Advocates caution that PACE would have to be structured carefully to avoid layering new debt onto vulnerable property owners.

Seeking a more comprehensive strategy

“These regulations by no means serve to climate-proof New York City for the long term, but they do represent a critical and common-sense step forward for how we plan for flooding and disaster in at risk communities in the city,” says Robert Freudenberg, the Regional Plan Association’s vice president of energy and environmental programs.

“These regulations buy us some time,” he adds. “We have to make sure that we use that time productively and start having conversations about how we think about things like the fact that there might be places where we can’t build back or shouldn’t.”

The third rail of resiliency policy is the question of relocation, or what some people refer to as strategic retreat. “There are areas that will be inundated by sea-level rise and, before they are inundated, by repeated flooding,” Scata says. “The city needs an ongoing voluntary buyout program. Elevating properties is just a short term fix.”
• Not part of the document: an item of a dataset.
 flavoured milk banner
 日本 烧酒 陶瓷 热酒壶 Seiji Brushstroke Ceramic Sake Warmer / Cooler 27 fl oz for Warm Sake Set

The likely need to relocate some residents and businesses away from the water’s edge raises thorny issues of equity and self-determination. It also creates practical concerns, like how to make up within the city’s interior the lost residential density from its edges. Extreme coastal storm risk might be a problem that affects only a few neighborhoods, but its solution has to involve the entire map—and some thorough planning, ideally sooner rather than later.

“That comprehensive look needs to be done throughout the city,” Worrall says. The city’s current proposal, she says, “is an example of the limit of what zoning or other regulations,” can do.

Targeted neighborhoods

In addition to the citywide zoning changes, the de Blasio administration has proposed three neighborhood-specific sets of zoning revisions intended to address particular vulnerabilities in parts of the waterfront. Unlike the citywide proposal, two of those plans would also reduce buildable density in the future. In Gerritsen Beach and Old Howard Beach, the proposal would restrict development on small lots to single-family detached homes. Below-grade plazas would be banned in Sheepshead Bay.
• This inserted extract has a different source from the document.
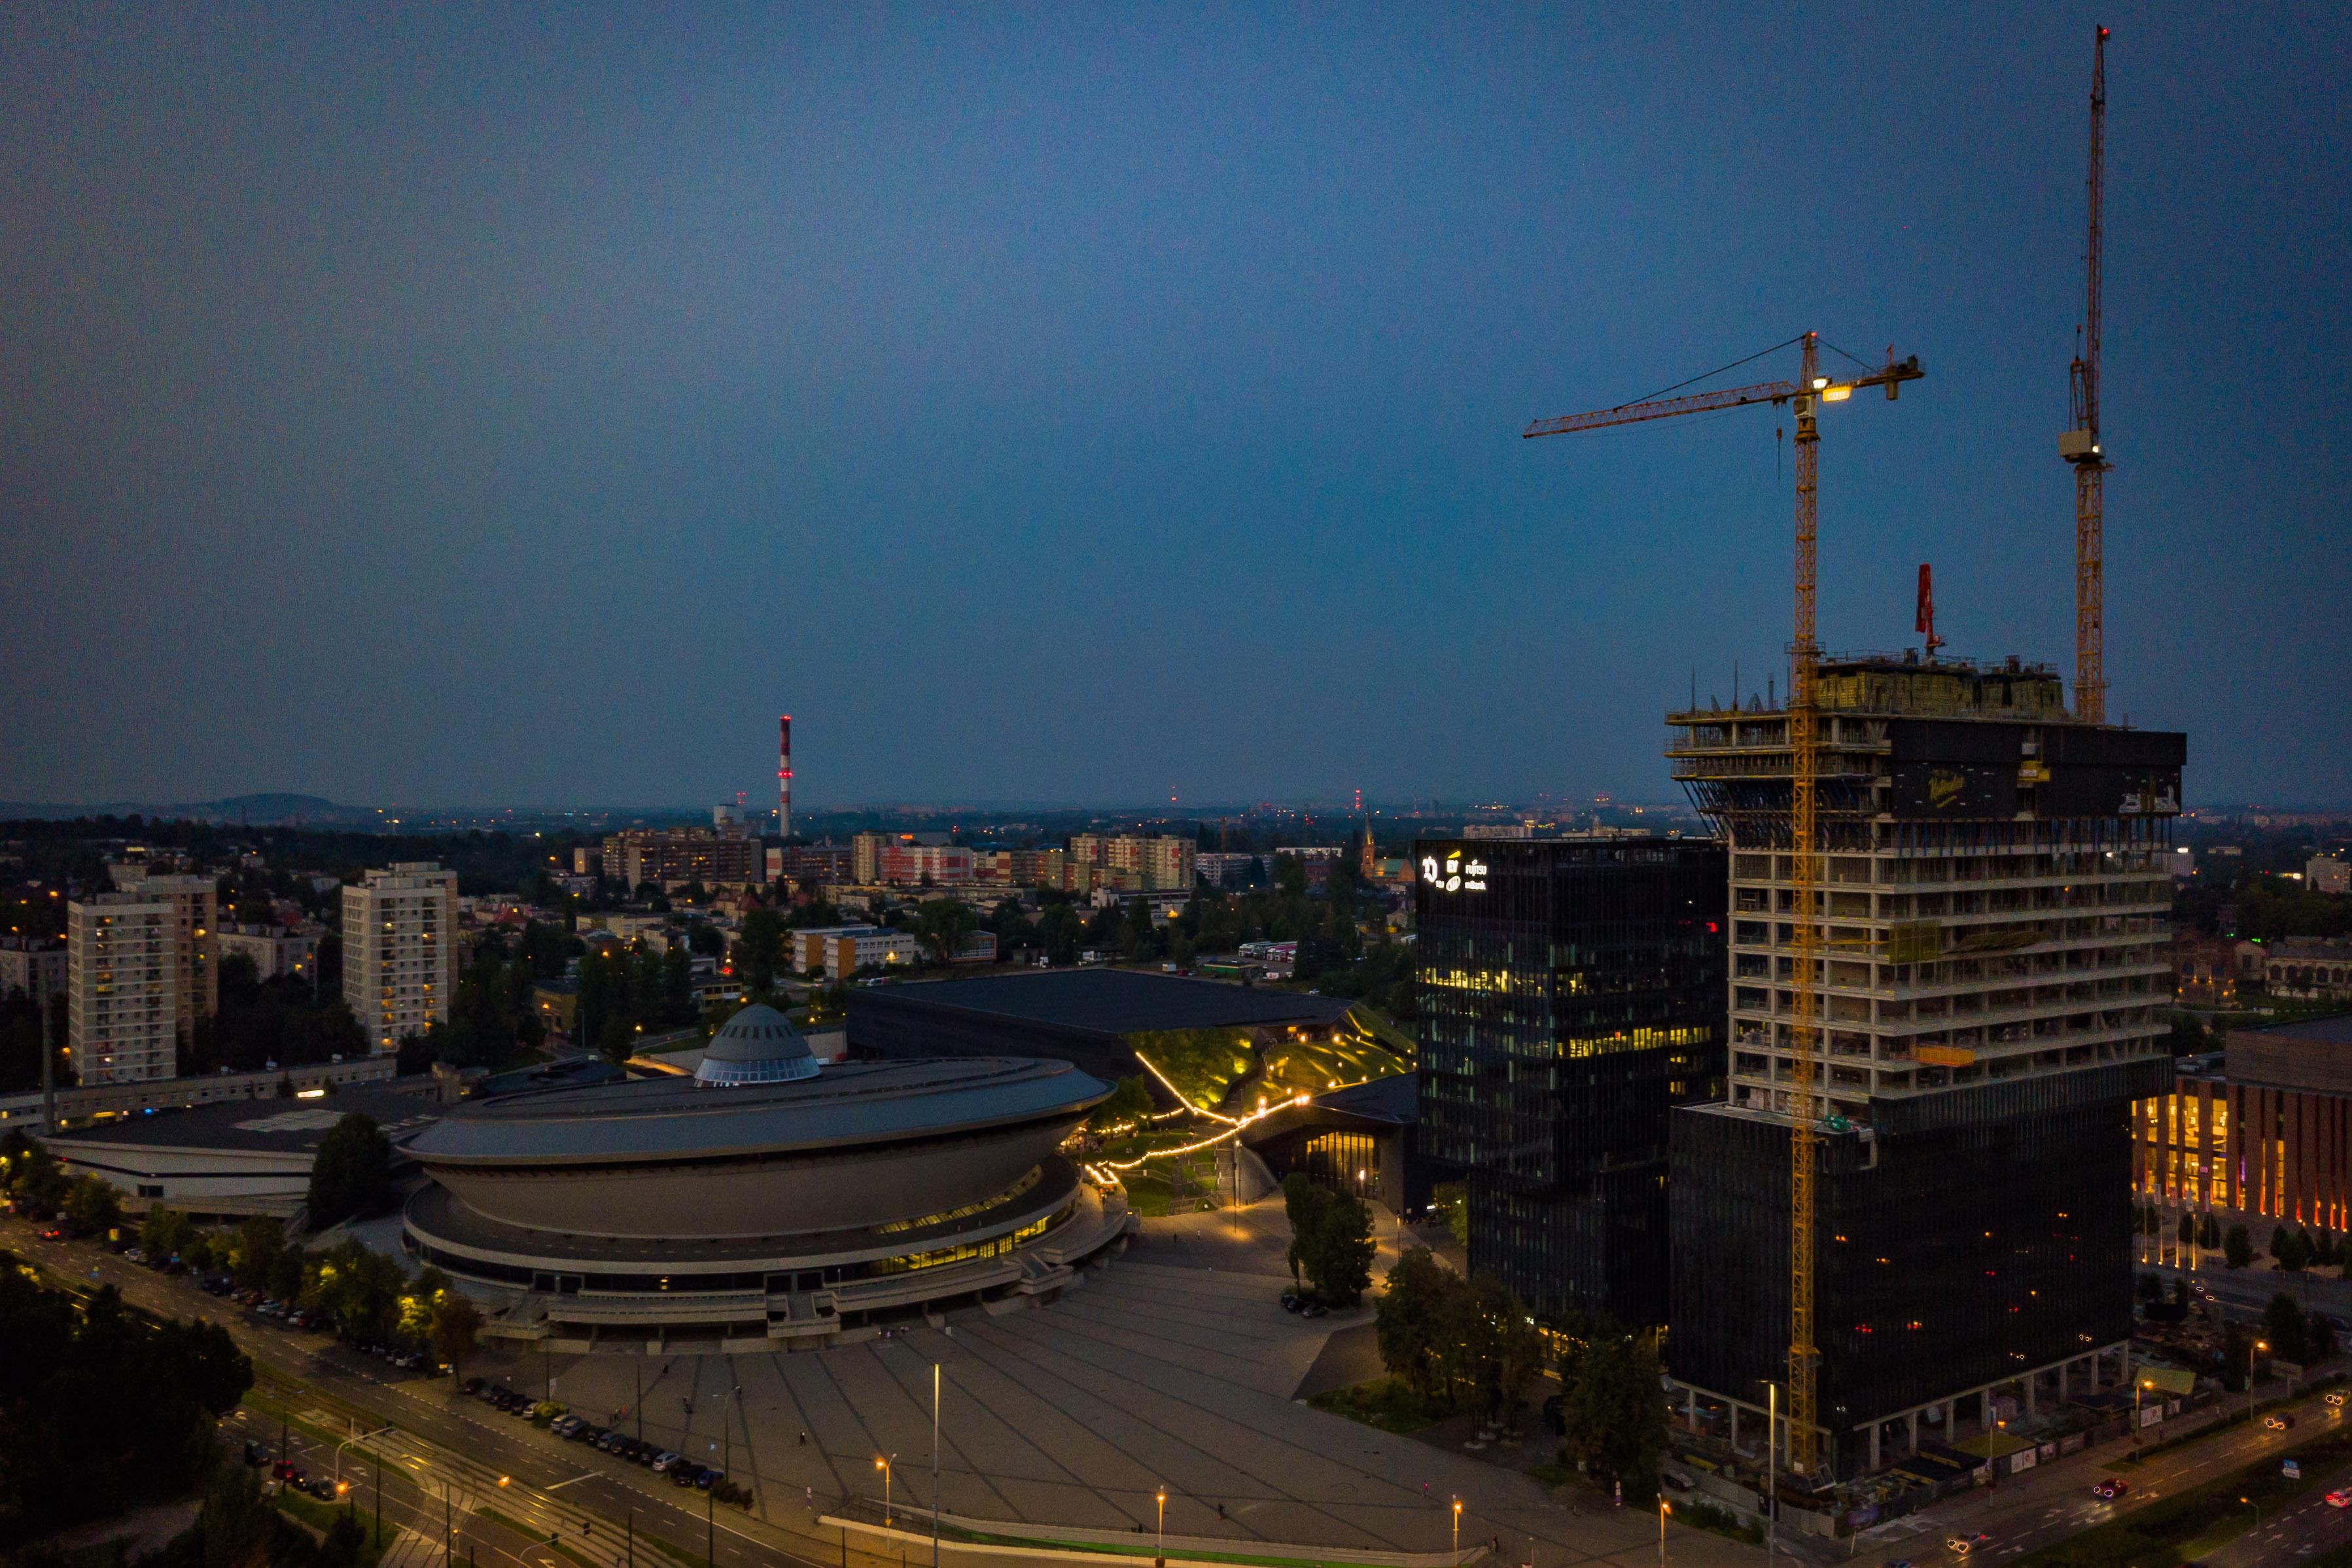 Wieczór w Katowicach.

Those three communities were part of a larger set of 10 “Resilient Neighborhoods” with special vulnerabilities that the city studied in the years after Sandy. Some of that research has informed the citywide resiliency zoning policy proposal, and elements of some studies worked their way into other local policy tweaks in Edgewater Park in the Bronx, Broad Channel in Queens and the East Shore of Staten Island*. It’s not clear if and when other rezoning proposals might be made, but movement on these three could cool criticism of the de Blasio administration for focusing resiliency planning on areas like Lower Manhattan, and not addressing imperiled parts of the outer-borough coastline.

Recommendations on all four proposals are due from community boards and borough presidents by Dec. 28. The spring likely will see final Council votes on these proposals, but certainly not a final chapter in the discussion over how to plan for the inevitable impacts of climate change.

“I think the benefit or the luxury we have is time. I think the hardest decisions, we won’t have to make immediately,” Freudenberg says. “I think the most important thing we can do now is have conversations with [vulnerable communities] about the long term. That’s easier said than done. Those are not easy conversations.”

*This paragraph was clarified to list the Resilient Neighborhoods where policy changes were previously made.